Вот потом со мной связались сверху, с департамента, когда они послушали мое голосовое... Не знаю, как оно к ним попало, но как-то попало, видимо. Мне позвонили, сказали: Даниил, здравствуйте, это вас из департамента, из пресс-службы беспокоят, вы не могли бы записать видеообращение, как вы это сделали «ВКонтакте». Они тоже понимают, что есть кадровый голод. И, опять же, мое голосовое сообщение сработало, еще пять человек пошли и устроились на работу. То есть, это был плод этого. Поэтому, говорю, мне несложно записать обращение. Я написал текст предварительно. И потом уже записал видеообращение. То есть, это мое решение было, мне за это ничего не заплатили, мне за это никто ничего не обещал. Я просто сам понимаю, что сейчас необходима помощь. Просто уже никак по-другому. Хоть так воззвать, как говорится, к совести тех, кто пошел и посвятил себя медицине«.
О заработке
«Как платят за работу? Я не знаю, честно скажу. Мне еще не заплатили, я не отработал еще до зарплаты. До этого я работал в десятой больнице, но не с коронавирусными. Конечно, платили там копейки. Я там за 190 часов, за 200 часов — получаешь 10600. Я три месяца терпел, потом говорю: извините, я работать за такие деньги не буду. Как бы там ни было, тяжело и учиться, и работу совмещать. Я уже не выдержал. Тем более мне позвонила главная медсестра с госпиталя ветеранов, пригласила меня на работу. Говорит, Дань, нужна помощь. Я у них работал, я в госпитале уверен. И мне платили в том году хорошо. Он спонсируется, поэтому работа здесь как-то приятнее. И условия для работы созданы: и защита, и остальное на высшем уровне. Насчет оплаты труды — ну, верить кому-то, что выплаты эти будут... Честно, я сомневаюсь.
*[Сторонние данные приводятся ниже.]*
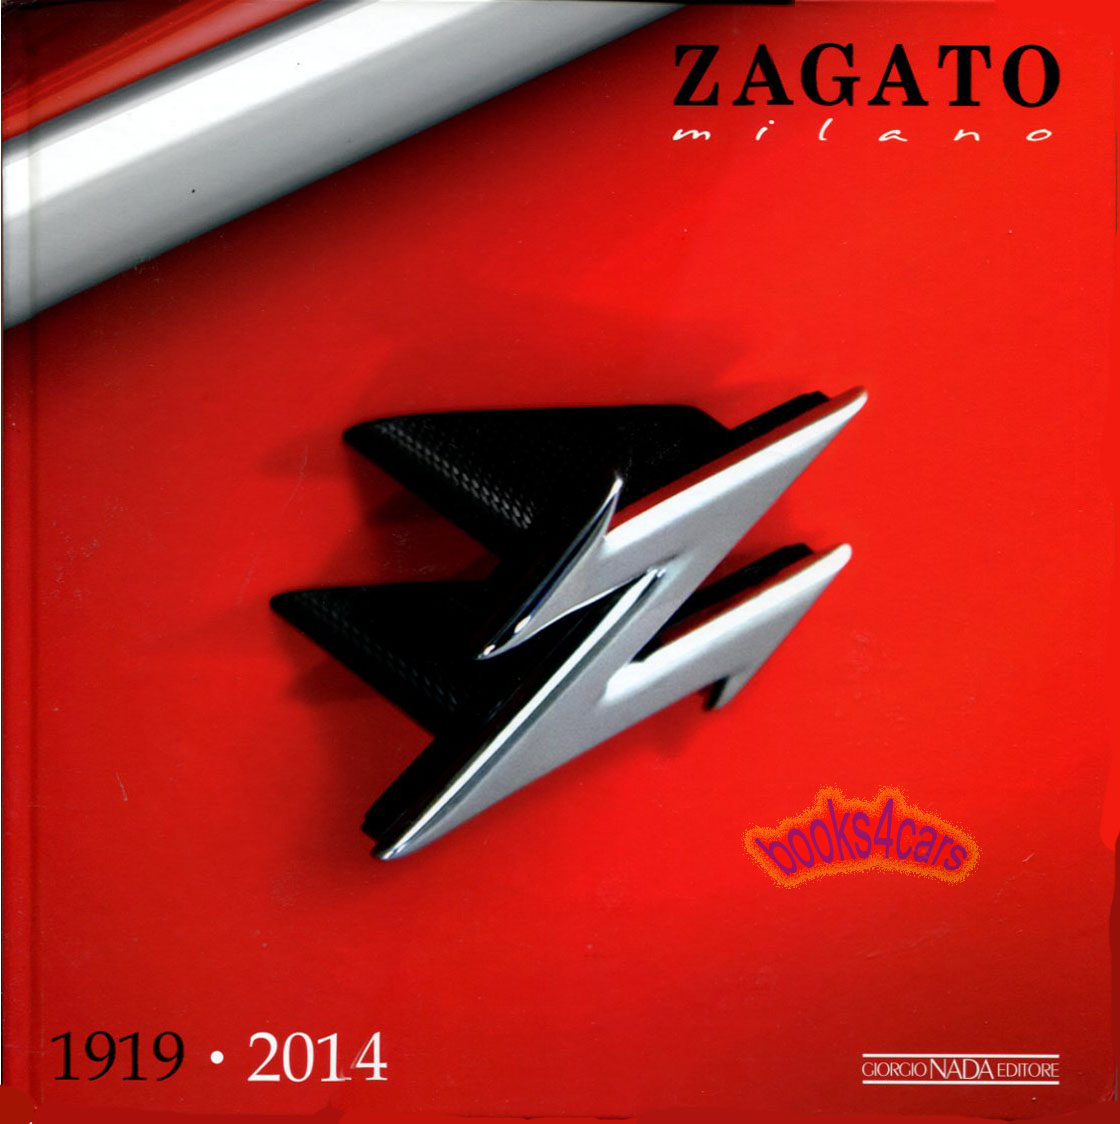 Zagato Milano 1919-2014 by Zagato & Di Taranto 176 pages hardcover

Конечно, я тешу себя надеждами, что хоть что-то заплатят за труд, но я не надеюсь. Как бы я уже смирился с тем, что могу получить и 10 тысяч, и 15, я уже для себя поставил уговор, что какие бы ни были деньги, я буду делать свое дело, потому что должен, и все. Я поработал вот в реанимации, понял, что я не могу по-другому, увидев вот эти лица людей, которые лежат там, которые погибают каждый день. Потому что те, кто на ИВЛ лежат у нас уже — ну, считайте, что процентов 80-70 из них уже не выживут. Не знаю, как статистика, как они это все отрабатывают, я без понятия, как учитывается, но тяжелобольных очень много. И, в принципе, в целом больных большое количество».
Рабочие задачи
«В больницу я пришел неделю назад. Устроился как санитар, но негласно работаю как медбрат, потому что не хватает рук, чтобы заниматься с пациентами, выполнять указания врача, потому что это, по сути, основная работа. Это разведение лекарств, заполнение документации на больных, — то, что входит в обязанности среднего медперсонала. Следим также за состоянием пациентов, я вот лично в реанимации работаю, этим занимаюсь. Ночью также следим постоянно за ними, инфузаматы заправляем, за счет которых они находятся в состоянии, так скажем, спячем, если говорить простым языком. Мы постоянно поддерживаем эту работу. В целом, работа у нас с препаратами, занимаемся этим разведением-введением. Ухаживаем за пациентами — протираем их, моем. Меняем положение им, чтобы пролежней не было. Я лично накладываю на глаза некоторым — они же все находятся под наркозом, у них рот или глаза открываются когда, они же пересыхают, они же не шевелят ими. Постоянно тряпочками смачиваем глаза, рот, чтобы не пересыхали. И в целом просто ухаживаем за ними. Просто представляешь: если бы лежал на этом месте твой близкий человек... То есть, сразу, не знаю, как будто родной человек. И тут эта ситуация как будто объединила настолько всех нас, вот особенно на работе как-то ближе сделала. И к каждому пациенту относишься, как к родному. Конечно, это тяжело морально, но это дает довольно хороший стимул к работе.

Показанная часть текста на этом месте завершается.